» **Information supplied**:
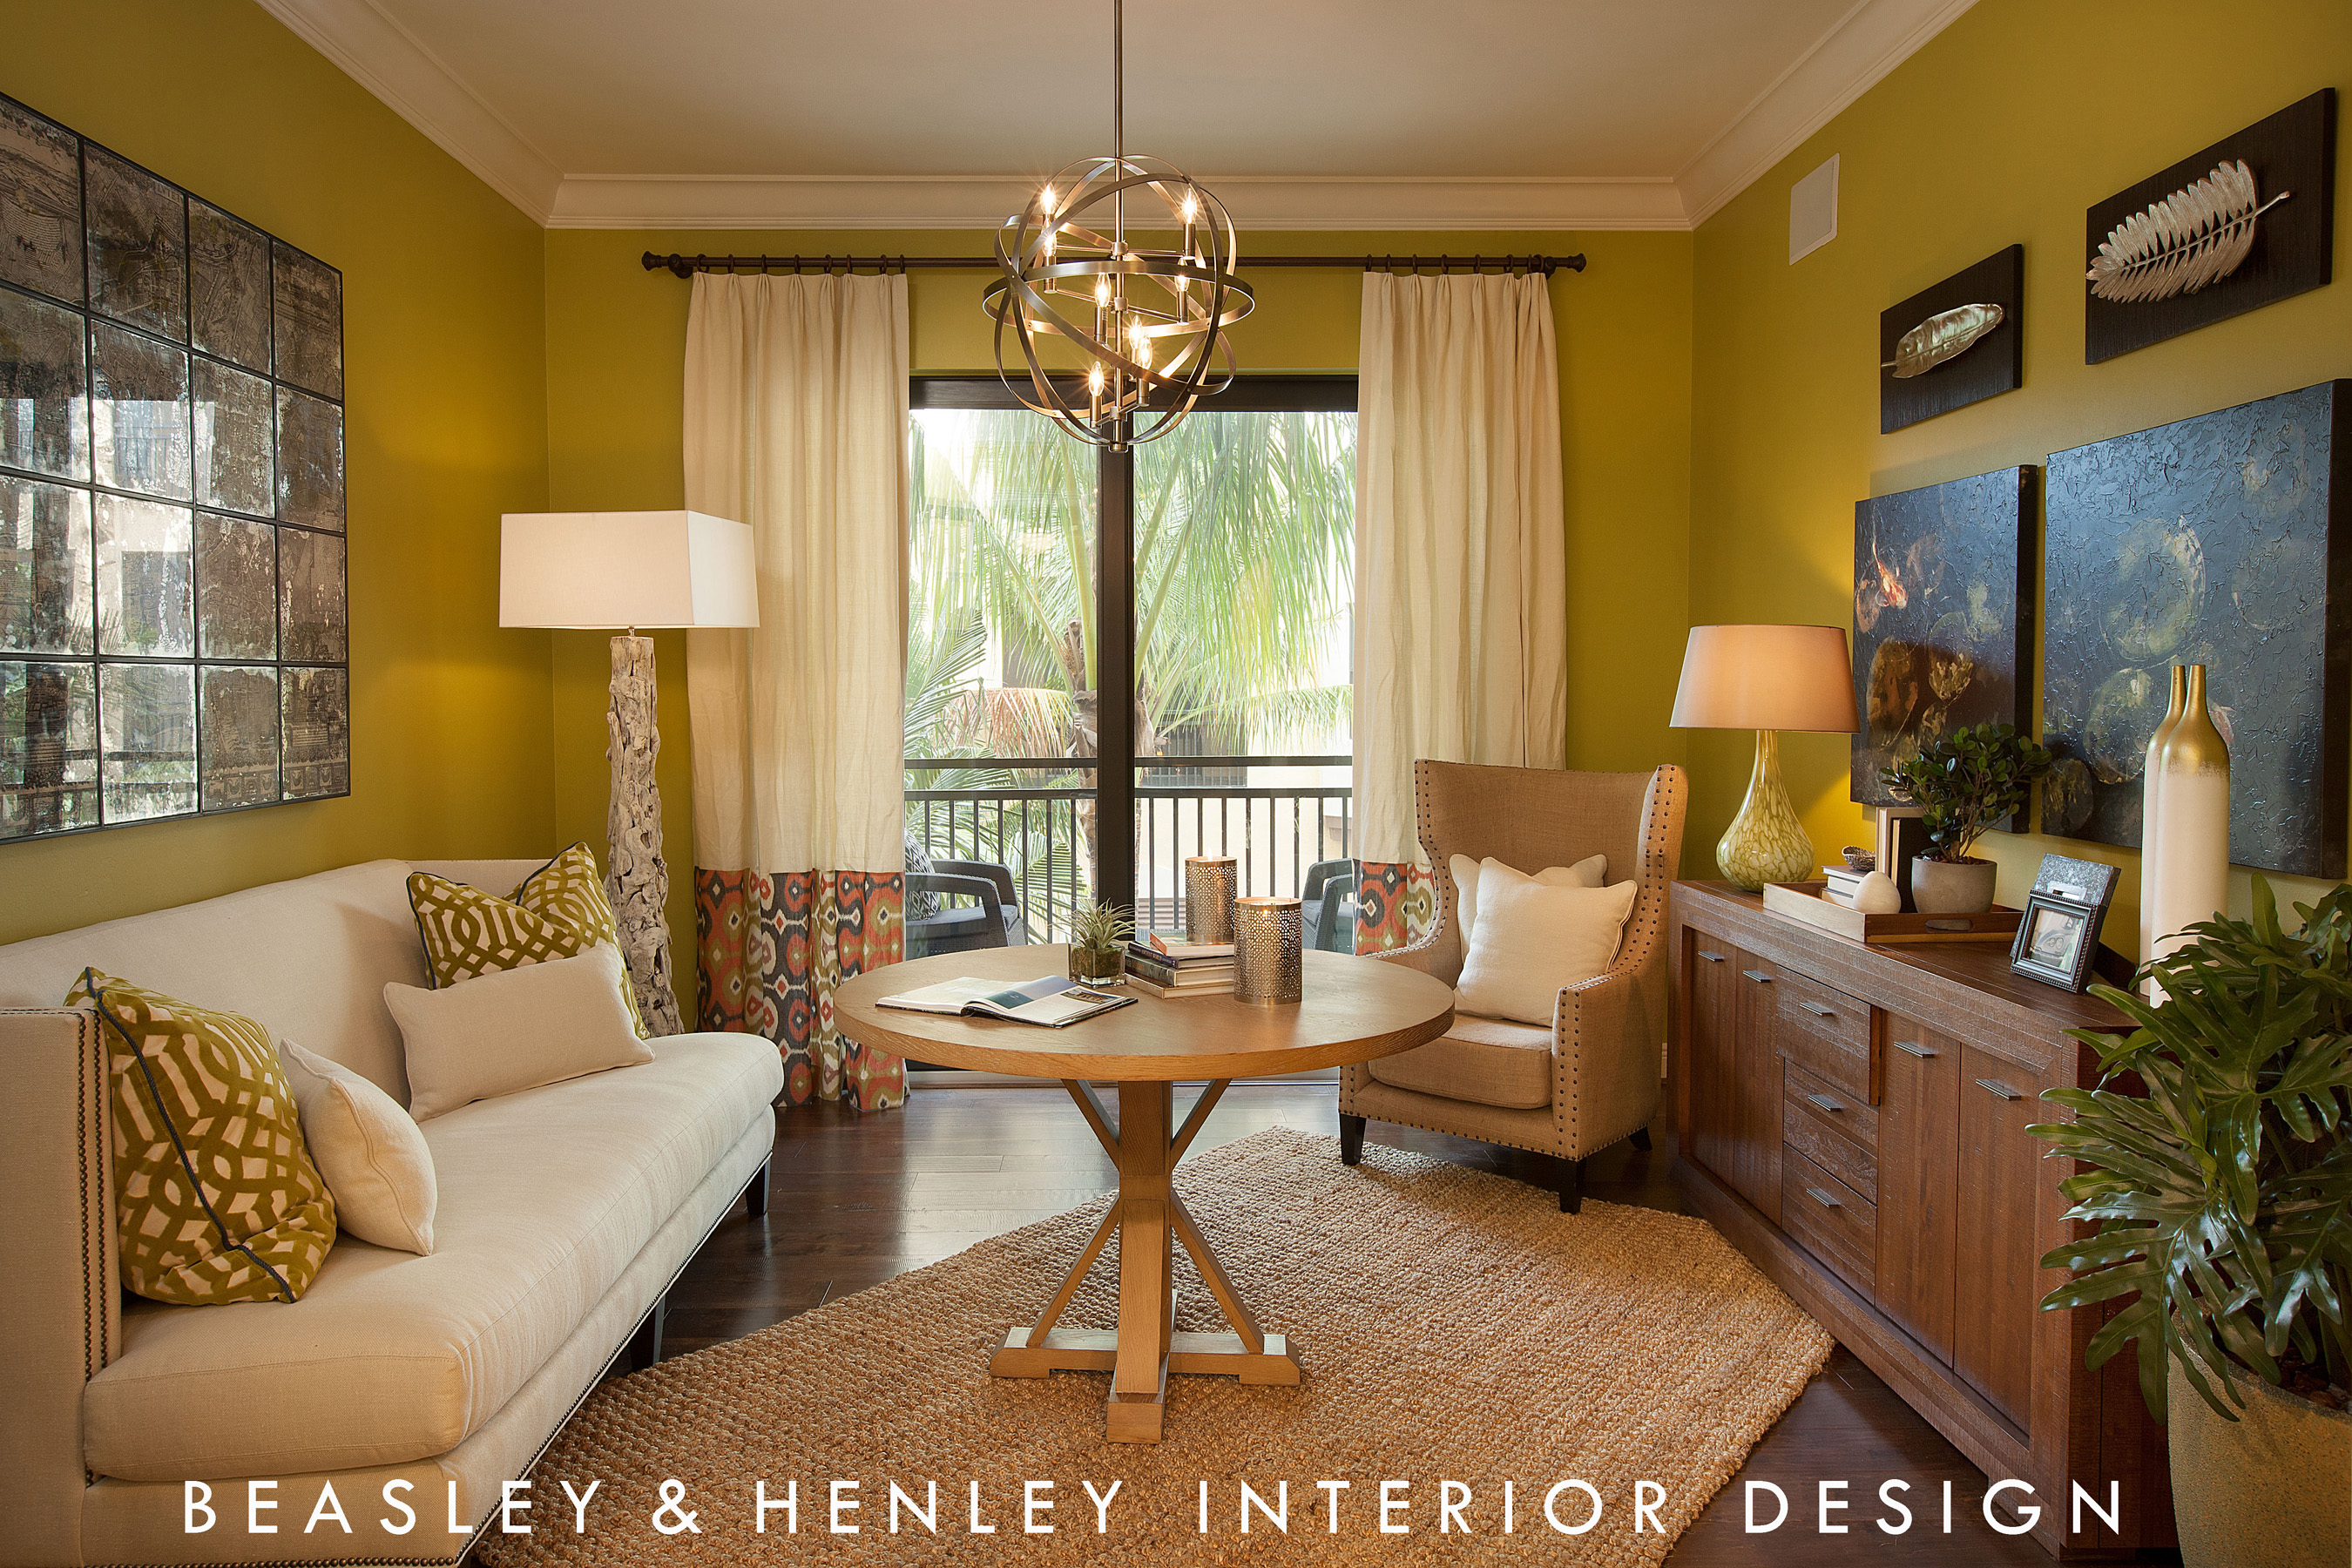 Esperanza Study by Beasley & Henley Interior Design, Naples
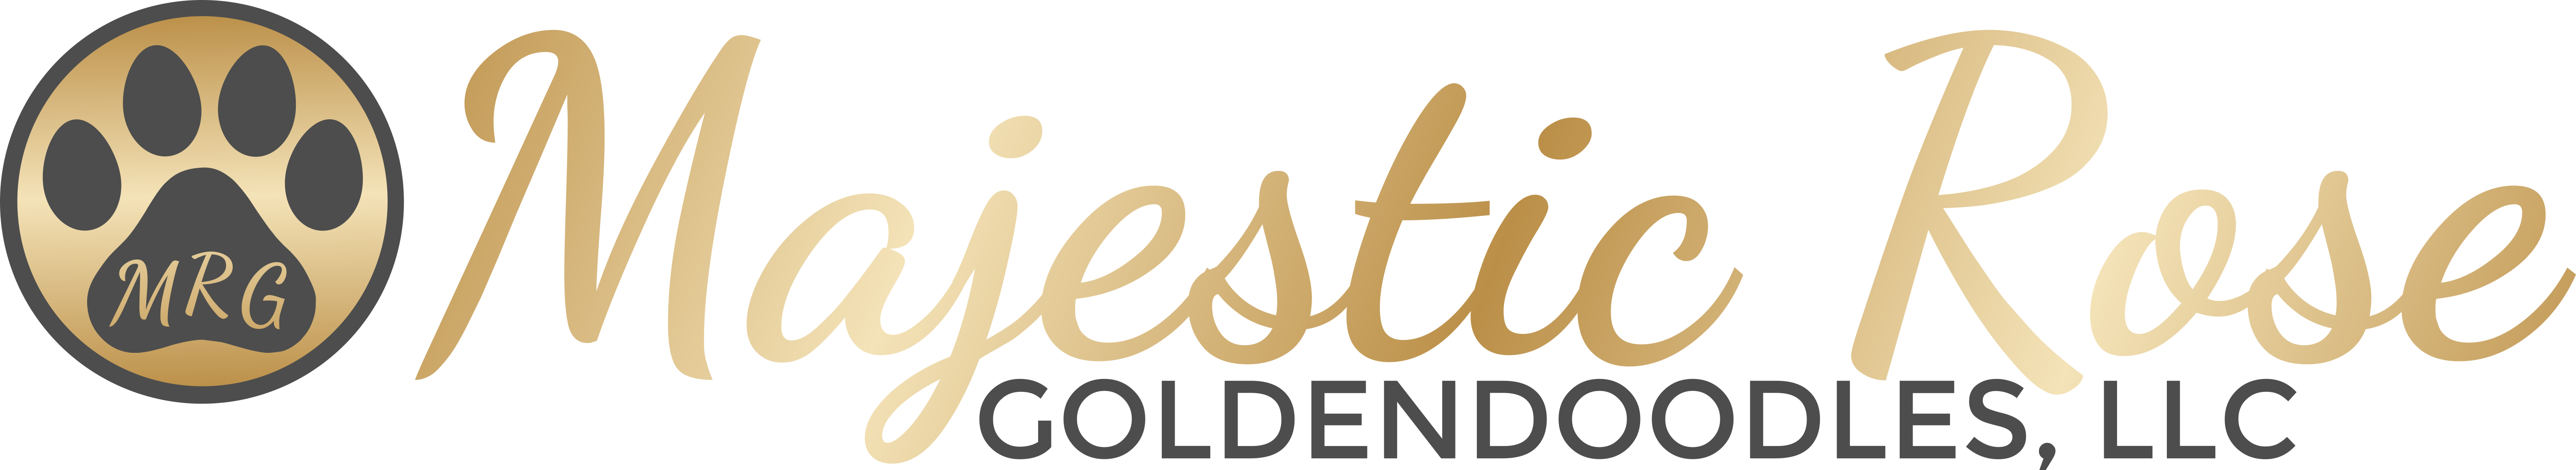 Majestic Rose Goldendoodles, LLC
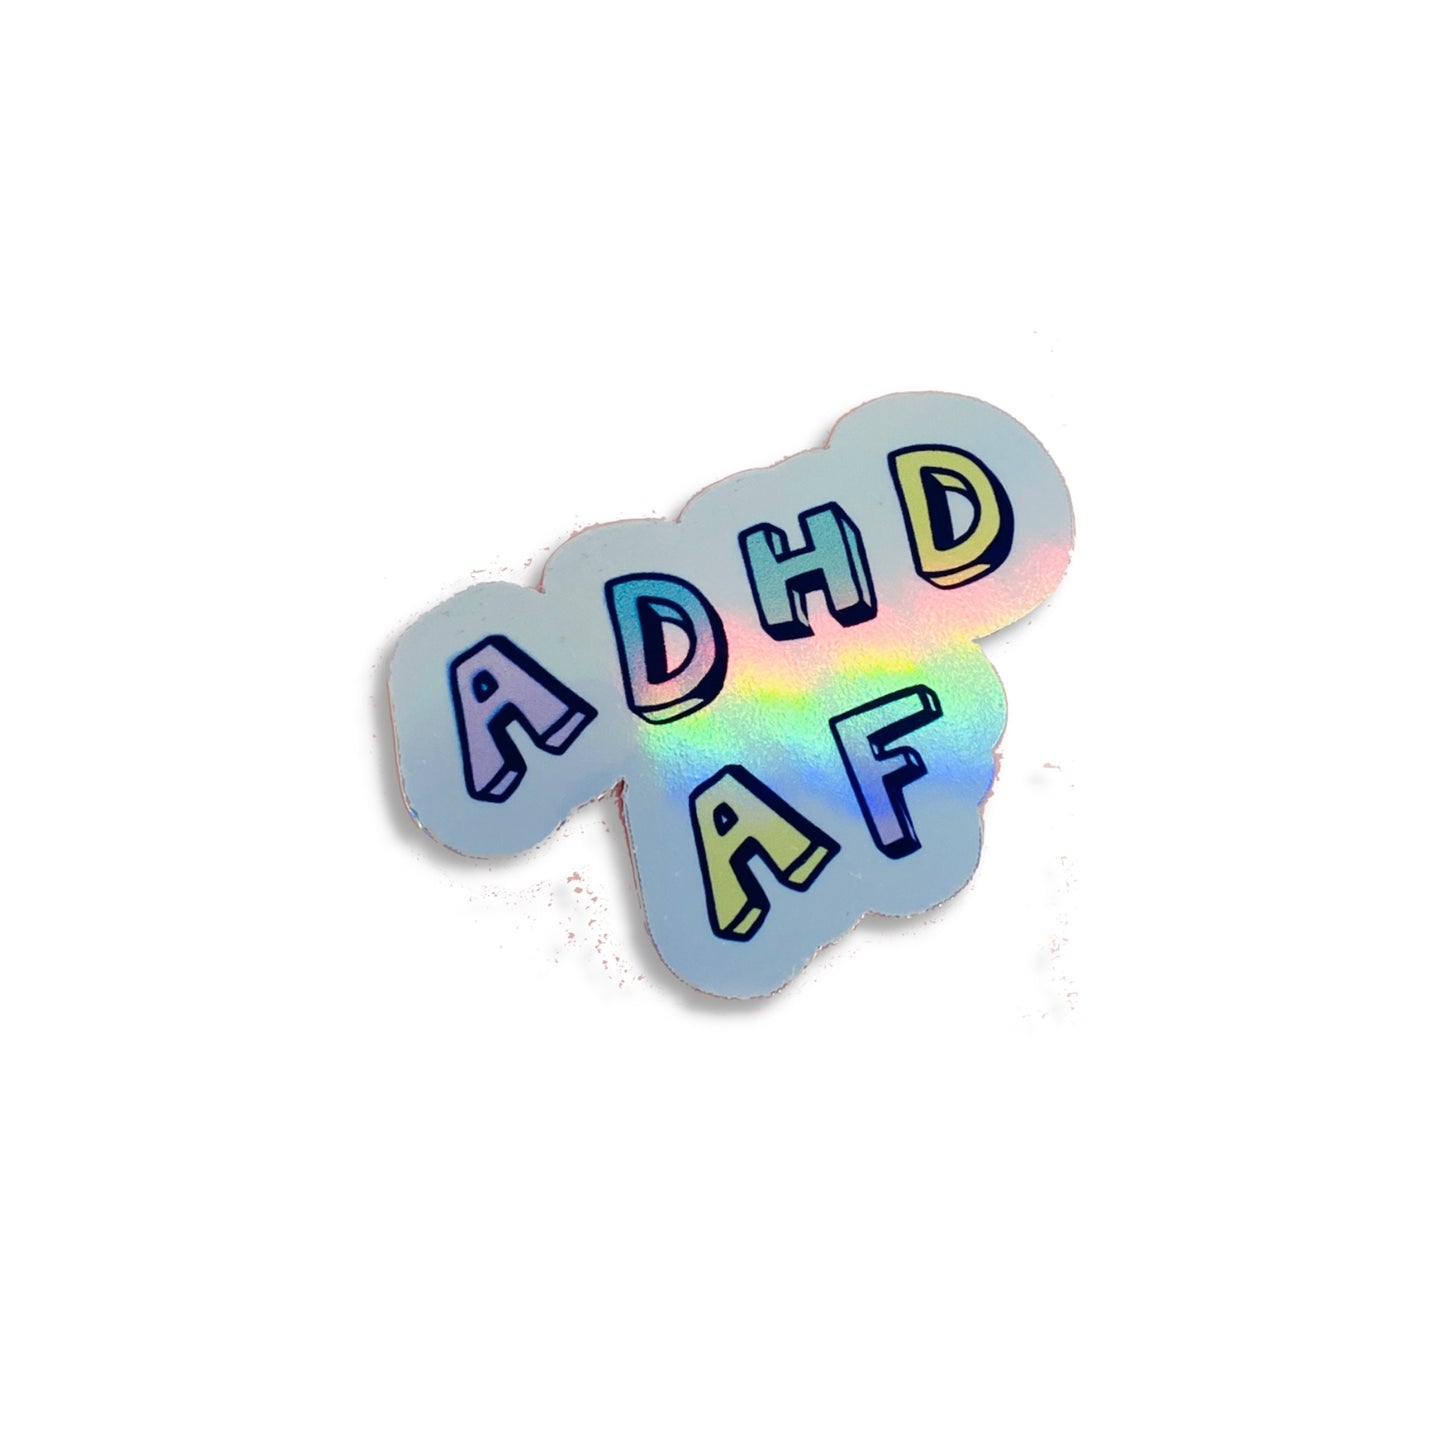 ADHD af acceptance sticker

» **Requirement**: Print the full listing above again with exact wording and no images.

» **Task result**:
 Esperanza Study by Beasley & Henley Interior Design, Naples
 Majestic Rose Goldendoodles, LLC
 ADHD af acceptance sticker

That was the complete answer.